| Your objective |
When you reach a picture, skip it, and retype every line below exactly.
━━ Supplied material
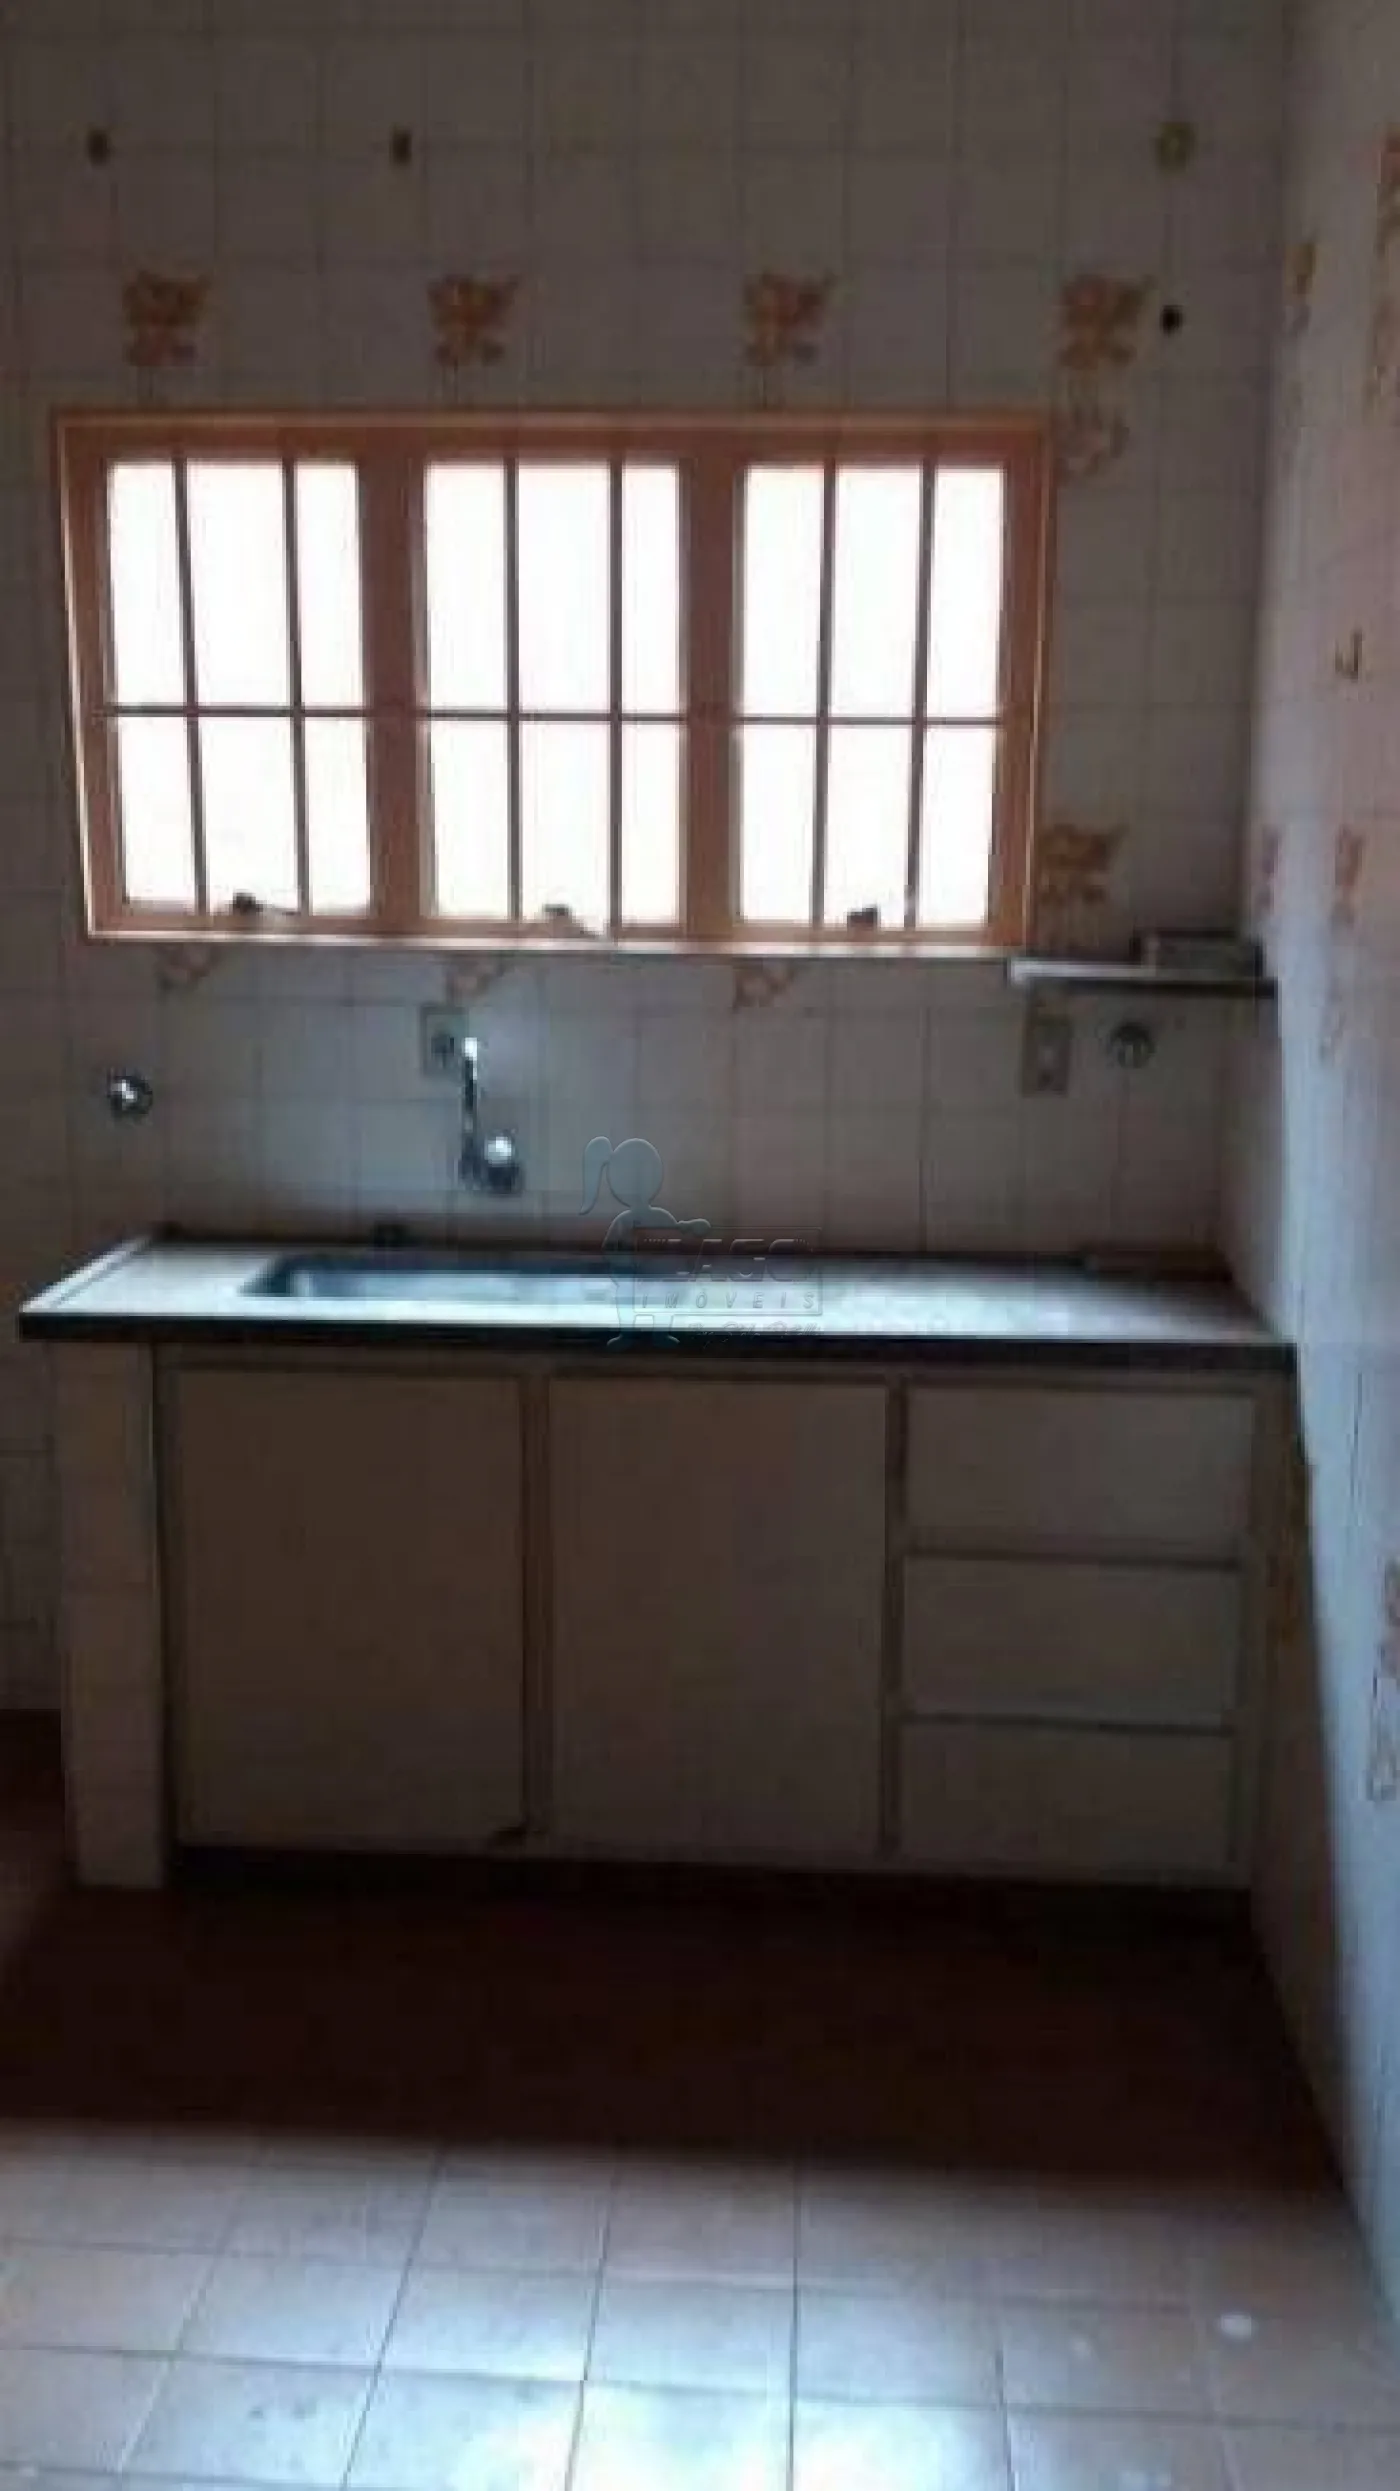 Comprar Apartamento / Padrão em Ribeirão Preto R$ 345.000,00 - Foto 9
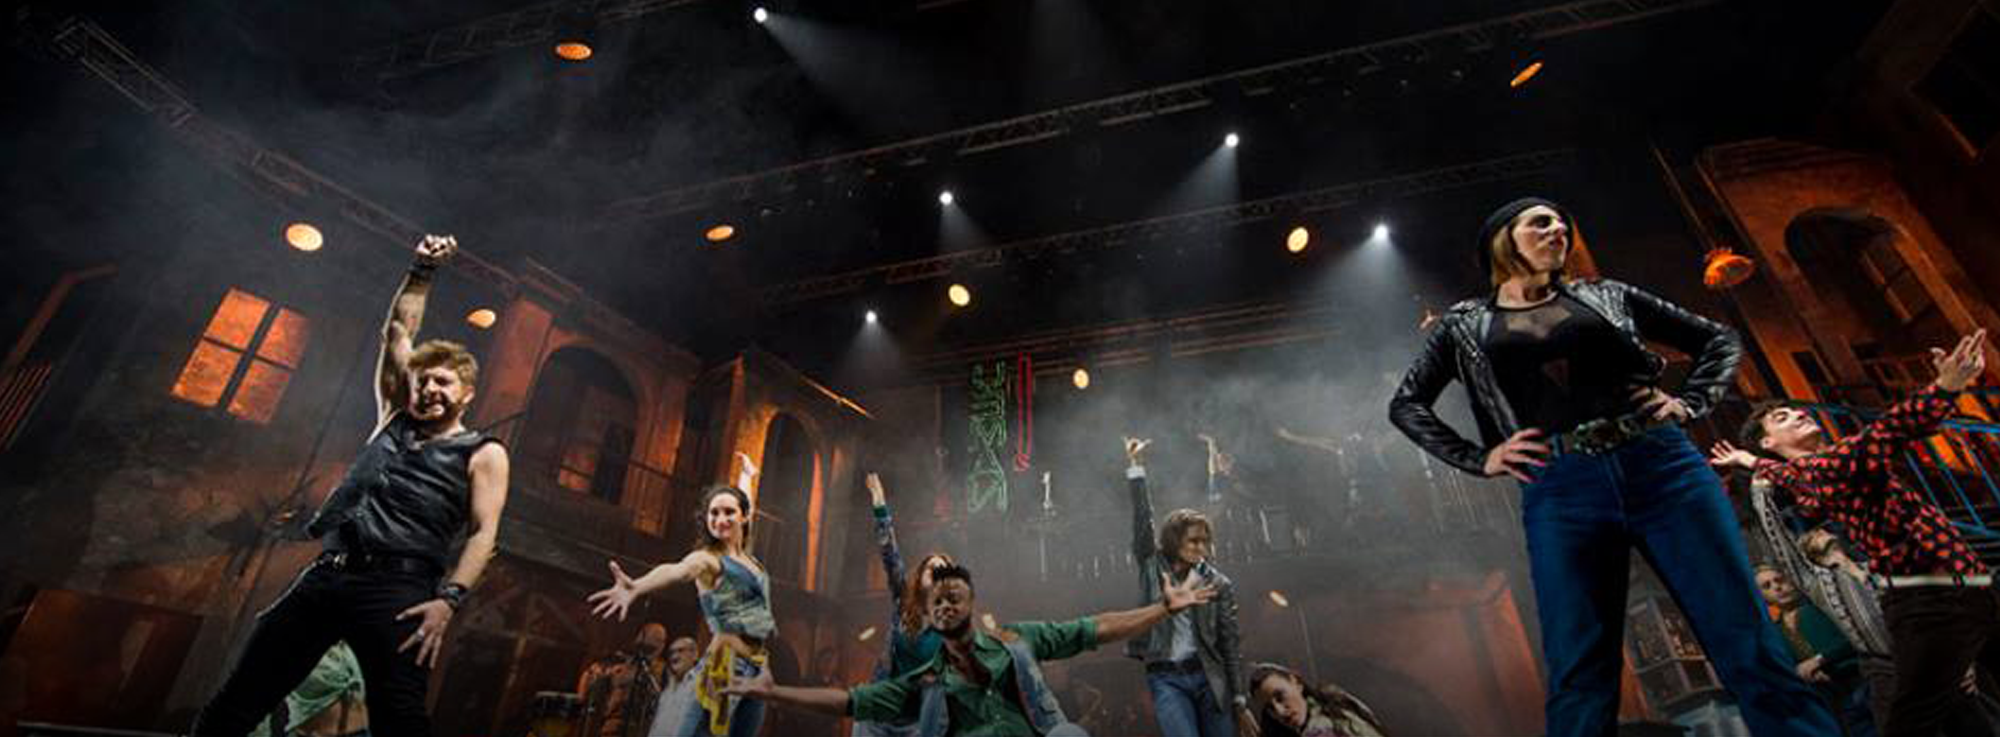 Bari: Musicanti, il musical su Pino Daniele
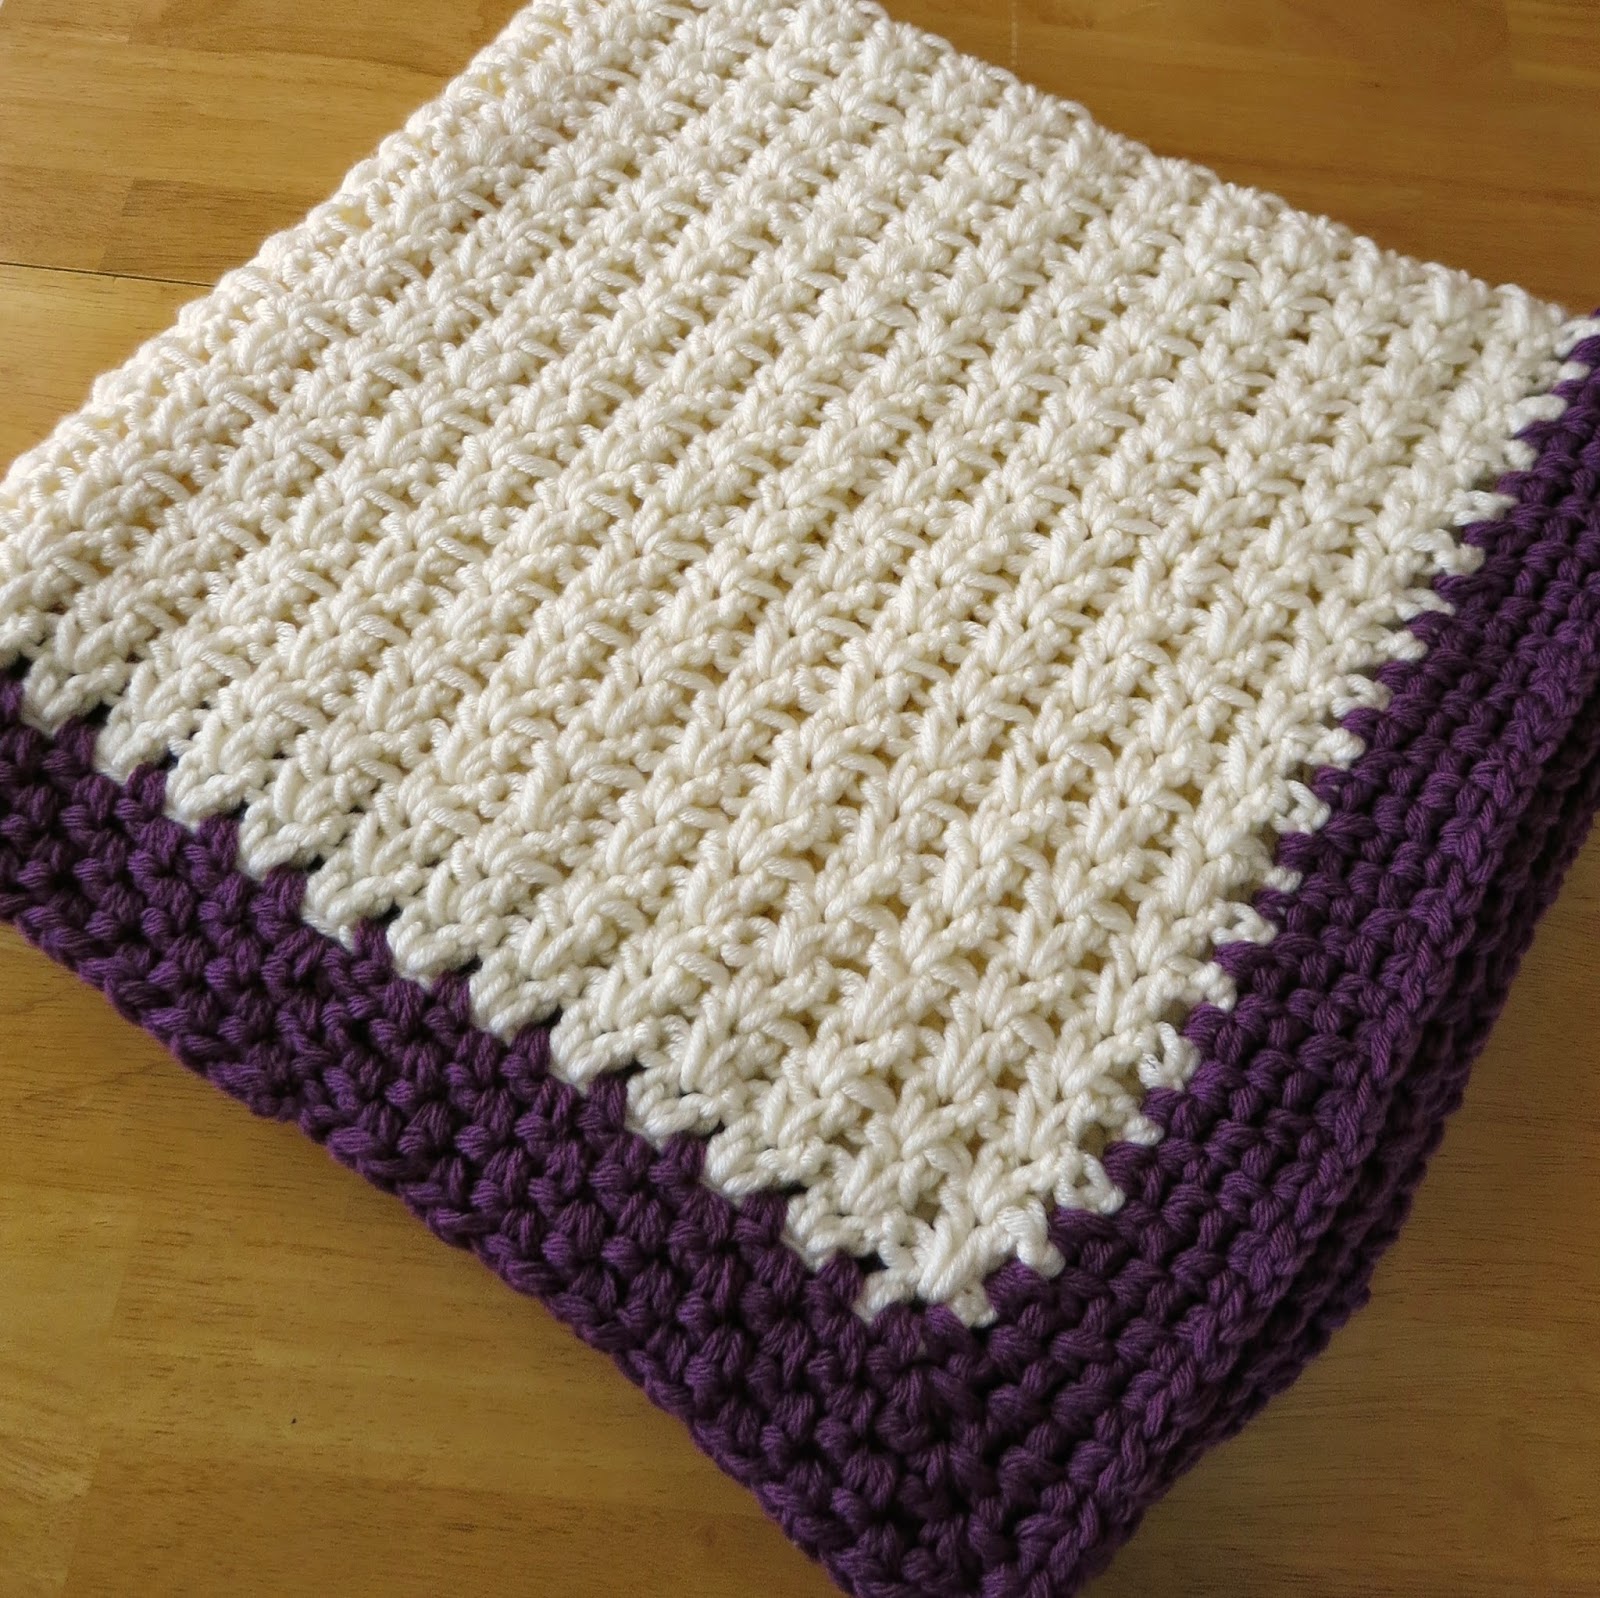 Da's Crochet Connection: Double Crochet V Baby Blanket
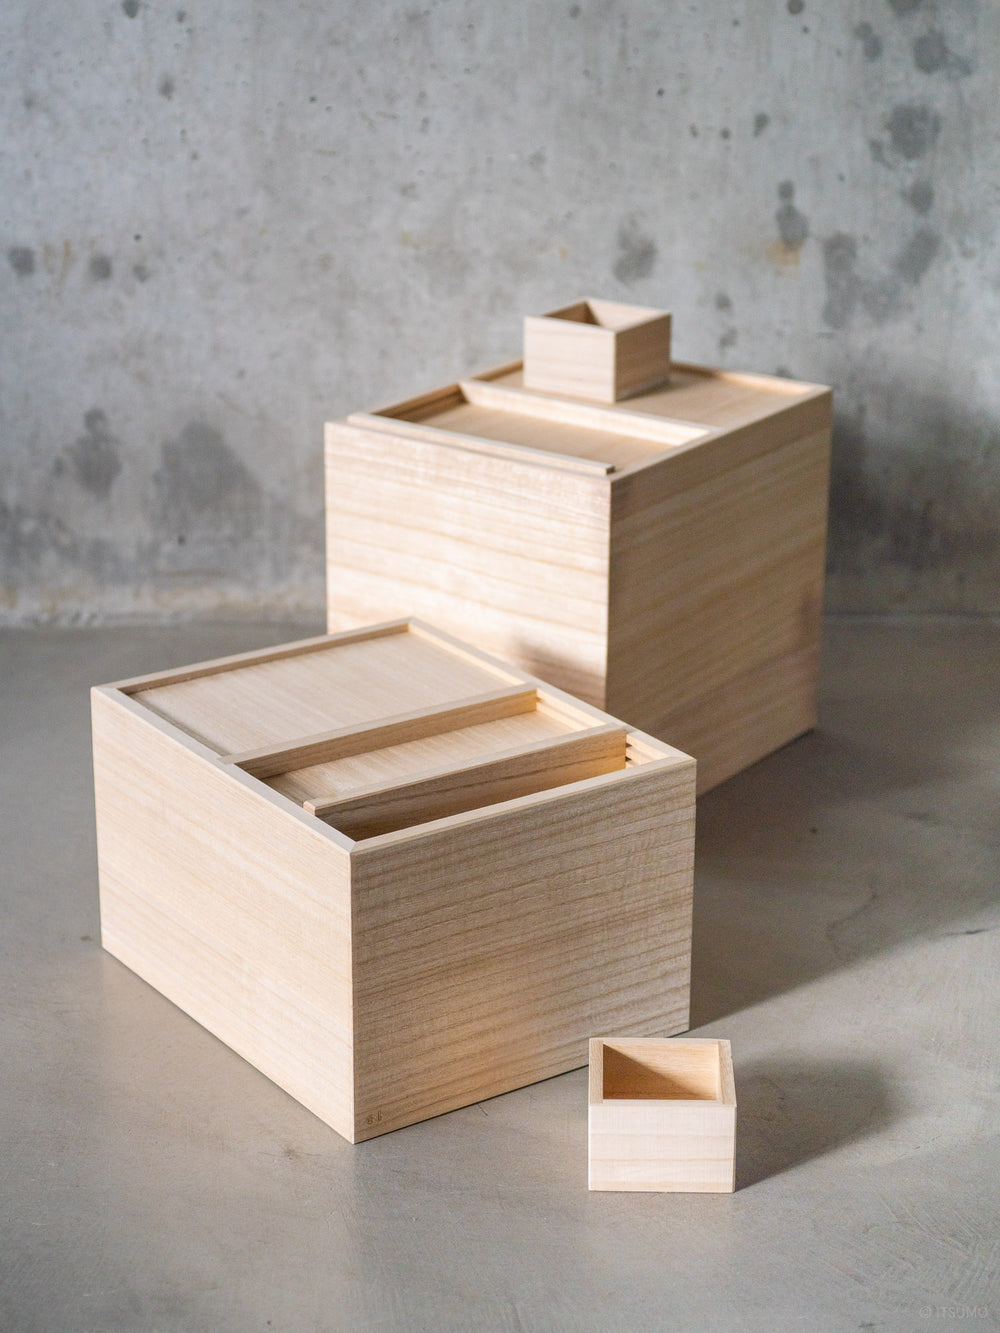 Japanese rice storage boxes made of Kiri wood
━━━━
| Solution to the exercise |
 Comprar Apartamento / Padrão em Ribeirão Preto R$ 345.000,00 - Foto 9
 Bari: Musicanti, il musical su Pino Daniele
 Da's Crochet Connection: Double Crochet V Baby Blanket
 Japanese rice storage boxes made of Kiri wood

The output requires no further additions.